_Your instructions_: Every line below must be copied as written, except for pictures.

-------- Information shown --------

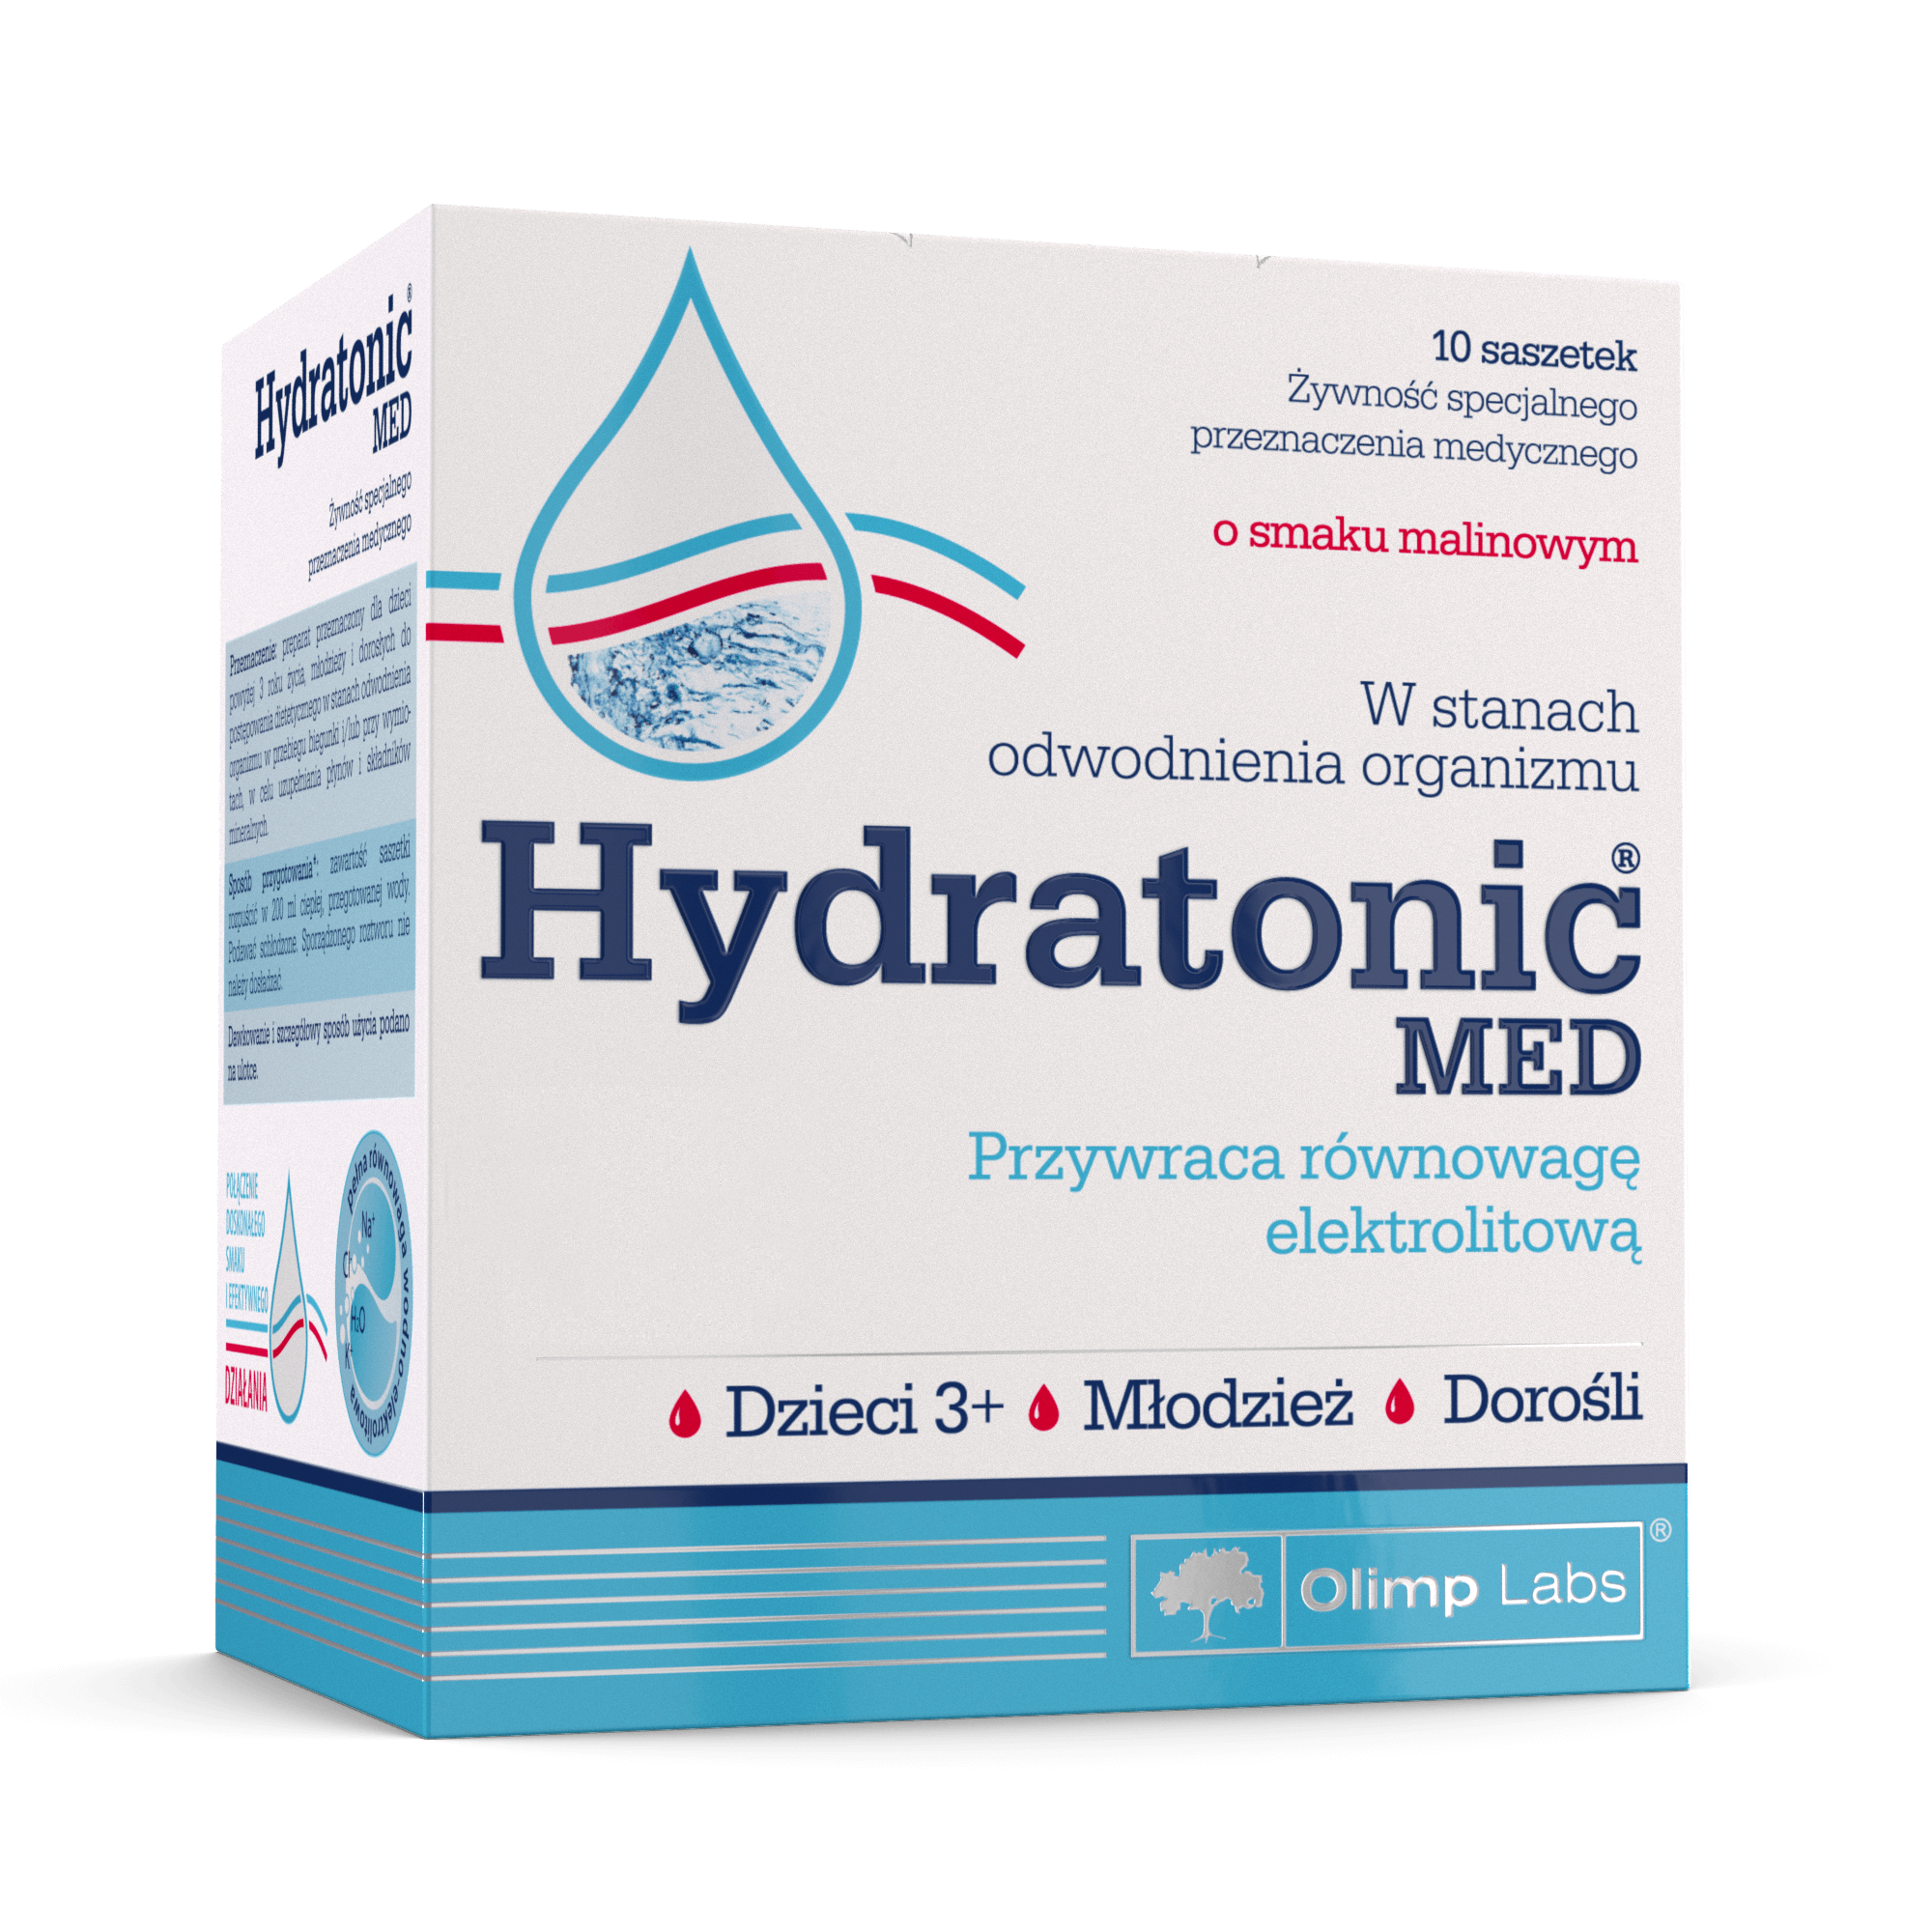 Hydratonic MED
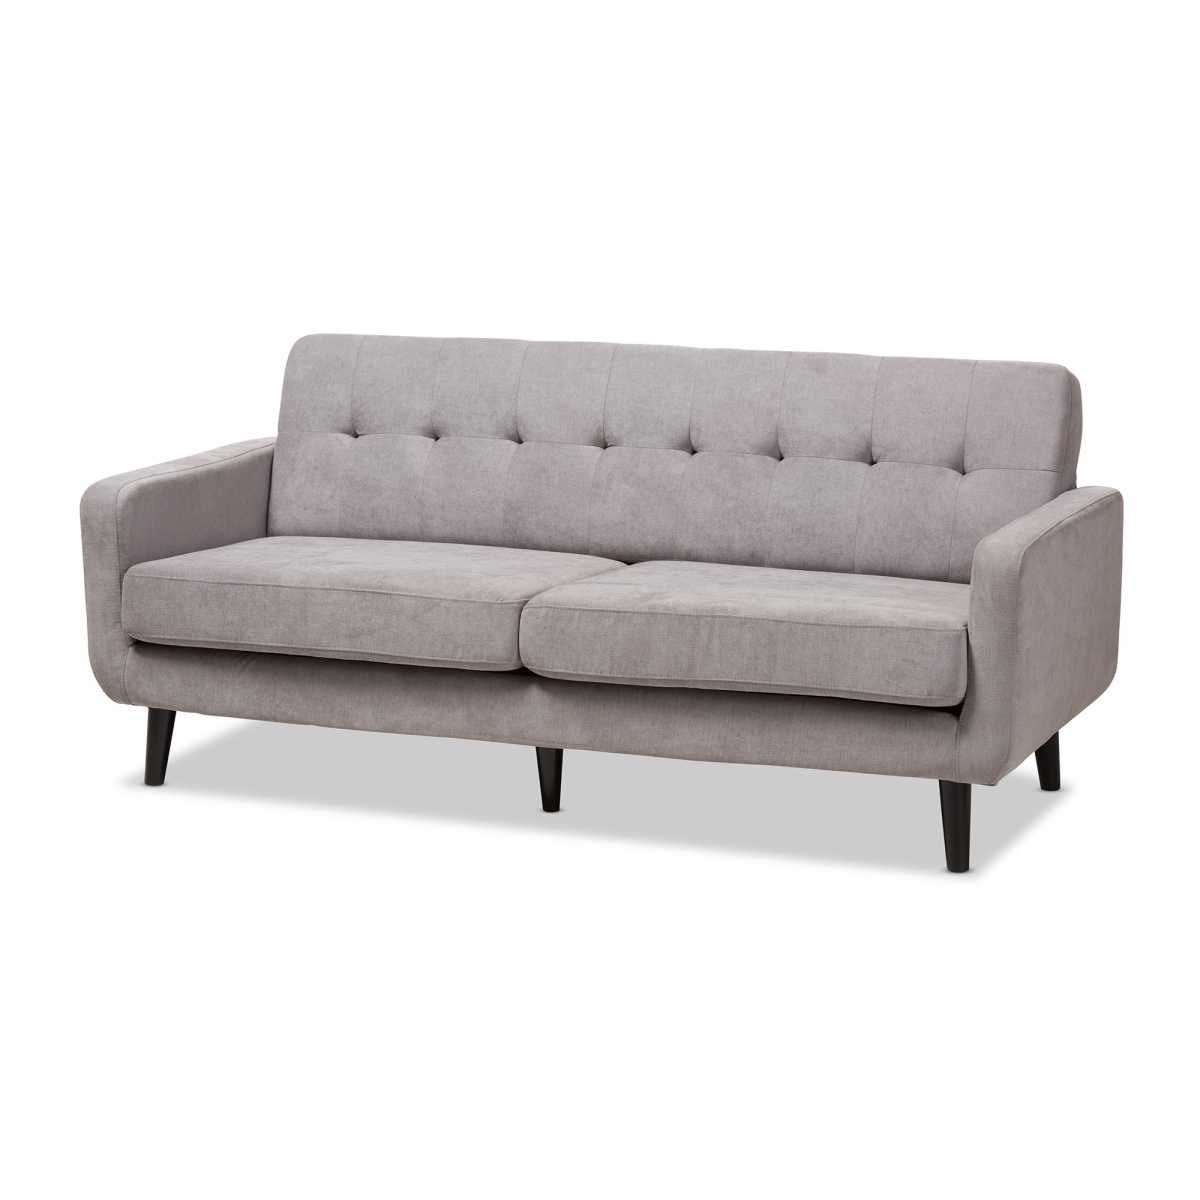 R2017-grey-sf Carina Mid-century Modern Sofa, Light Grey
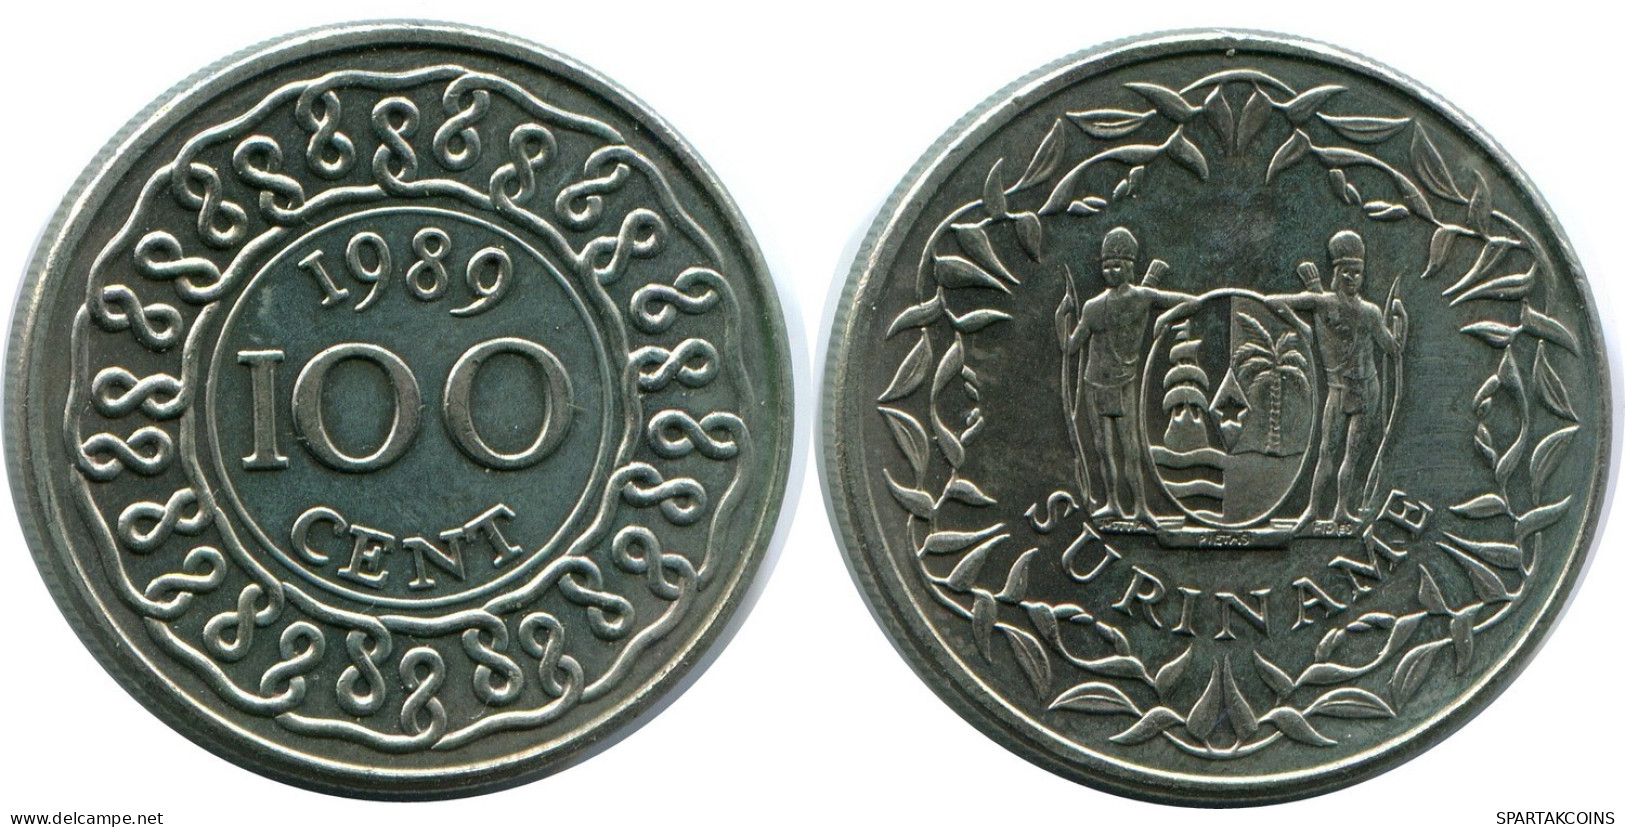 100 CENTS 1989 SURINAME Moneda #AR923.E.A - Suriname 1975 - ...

--------

_Problem solution_:
 Hydratonic MED
 R2017-grey-sf Carina Mid-century Modern Sofa, Light Grey
 100 CENTS 1989 SURINAME Moneda #AR923.E.A - Suriname 1975 - ...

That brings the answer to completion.